ISLAMABAD, June 12 (WNP): Supreme Court in a majority verdict Wednesday overturned its earlier decision of reducing tuition fees by 20 per cent by private schools, but ordered the institutes to re-calculate their fee by using as base the 2017 fee structure of Punjab and Sindh.
The calculations of the fees will be done in accordance with the Punjab Private Educational Institutions (Promotion and Regulation) (Amendment) Act 2017 and the Sindh Private Educational Institutions (Regulation and Control) Rules 2005.
On May 9, a three-judge bench hearing the private school fees case had reserved its ruling.
The bench was headed by Chief Justice Asif Saeed Khosa whereas Justice Ijaz-ul-Ahsan wrote the majority judgment. However, Justice Faisal Arab dissented from the judgment with his own reasoning.
The majority judgment, the details of which will come later, also ordered private schools not to recover any arrears on account of the reduction in fee by reason of the Dec 13, 2018 interim order reducing the fees by 20pc. “Thus all review petitions filed against the interim order by different private schools are disposed of,” the verdict said.
The judgment held that Rule 7-A and Rule 7(3) of the Punjab and Sindh laws, respectively, were in accordance with the constitution rules. Rule 7-A of the Punjab law allows 8pc increase in tuition fee in an academic year, whereas Rule 7 (3) of the Sindh law provides that the fee in an academic year can be increased by up to 5pc.
Justice Arab observed in his dissenting note that the parents of students belonging to middle class families had approached the apex court, not to challenge the tuition fee which the schools charged at the time of admissions, but what agitated them was periodical increases in tuition fees which proved to be an enormous burden on their purses.
Justice Arab recalled that over the years the country had witnessed a mushroom growth of educational institutes in the private sector.
On account of lack of capable and efficient teachers and necessary facilities at public schools, many middle and lower middle class families, who a few decades ago used to send their children only to government schools, have lost faith in the public education system.
These families in their desire for better education for their children started seeking getting their children admitted to private schools.
This has resulted in phenomenal growth of private schools and now more than 50pc of students as per some statistics study in private schools where the level of education as compared to government schools is quite high.
Justice Arab observed that regardless of the cost, parents from middle and lower middle class families were sending their children to private schools even though it had impacted their budget severely.
Much of the blame for such burden was attributable to the government which had failed in running the public education system successfully, he regretted.

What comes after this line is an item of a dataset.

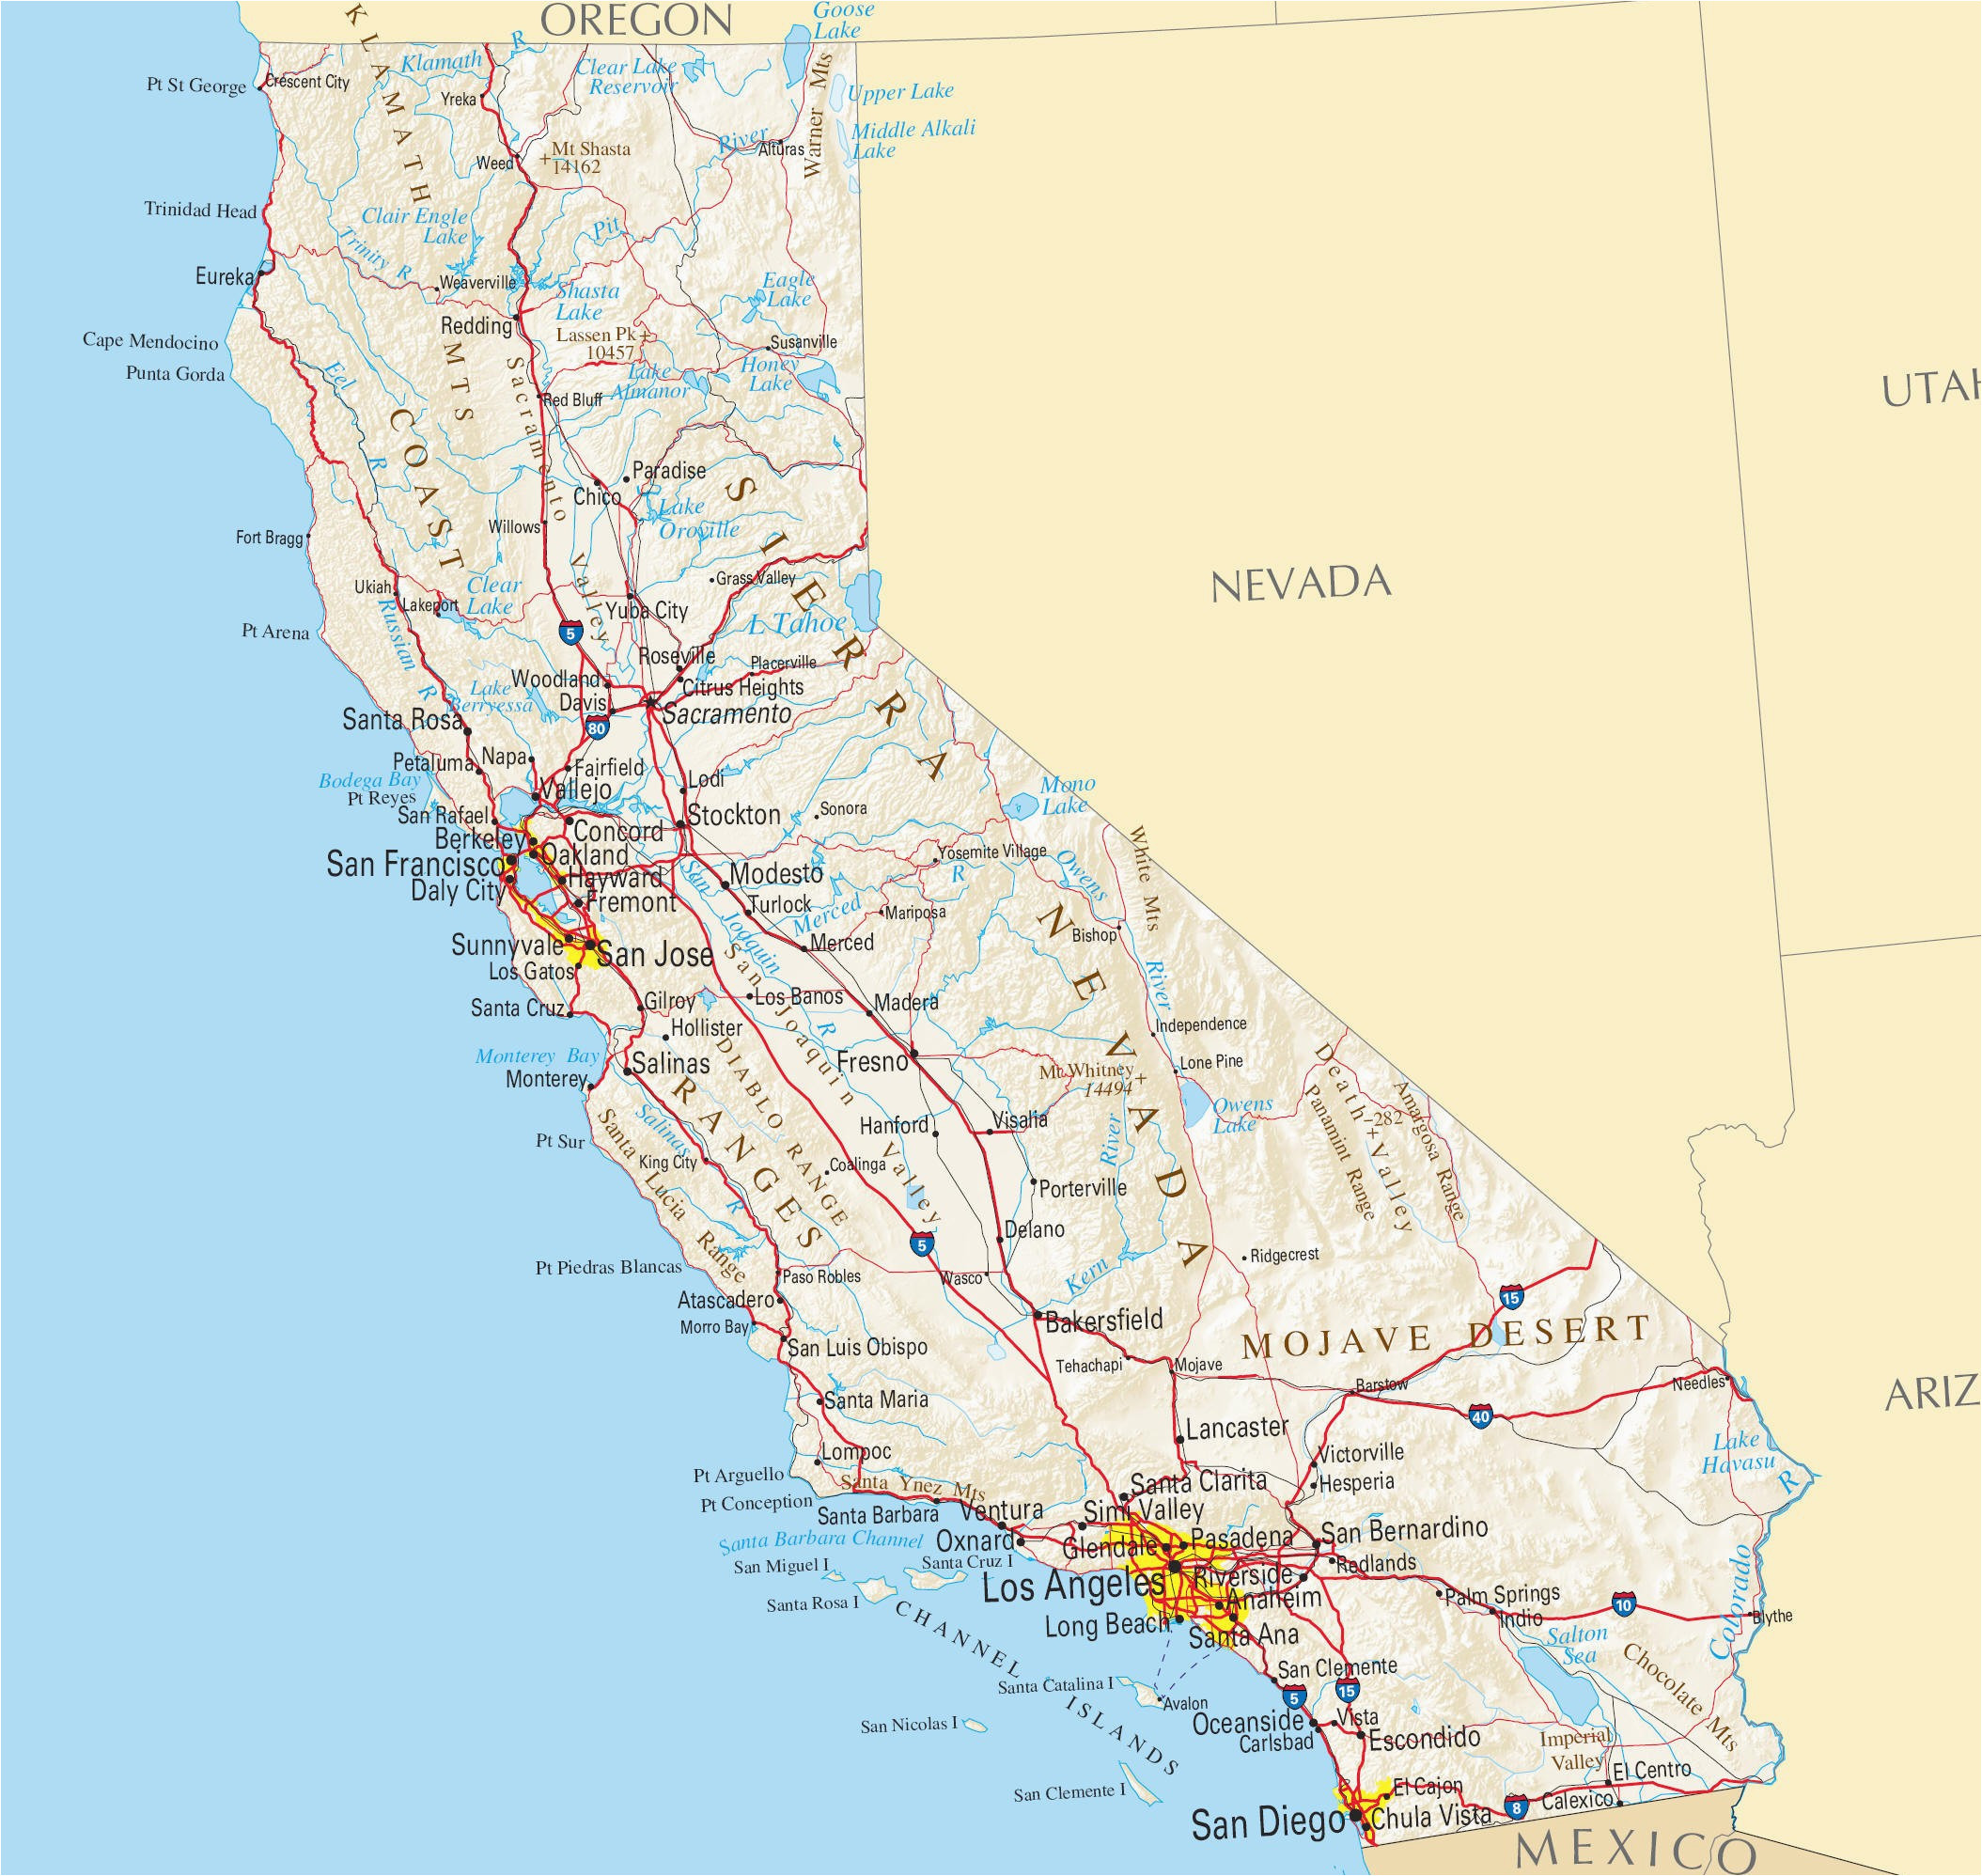 santa barbara on map of california massivegroove com

Application of Rule 7(3) on private schools would certainly have the effect of subsidising the rich of the society, Justice Arab added.
He said the value of professional service in a particular field could not be measured and priced in the same manner as the value of an essential edible item such as milk and flour was measured while fixing its price under price control laws.
He emphasised that the only object of the laws should be to check profiteering. But when the fee of any particular service was regulated in a manner that had the potential of gradually eating up legitimate margin of profit, it made businesses compromise on their quality lest they would run into losses, which in turn led to layoffs or their eventual closure, he argued.
For businesses such a regulation could prove to be worse than imposing heavy tax on income as at least in that eventuality the burden of tax would be conditional upon making profits, Justice Arab said.
Any regulation that acted as a discouragement in making investment in any trade, business or industry violated the freedom guaranteed under Article 18 of the Constitution, Justice Arab observed.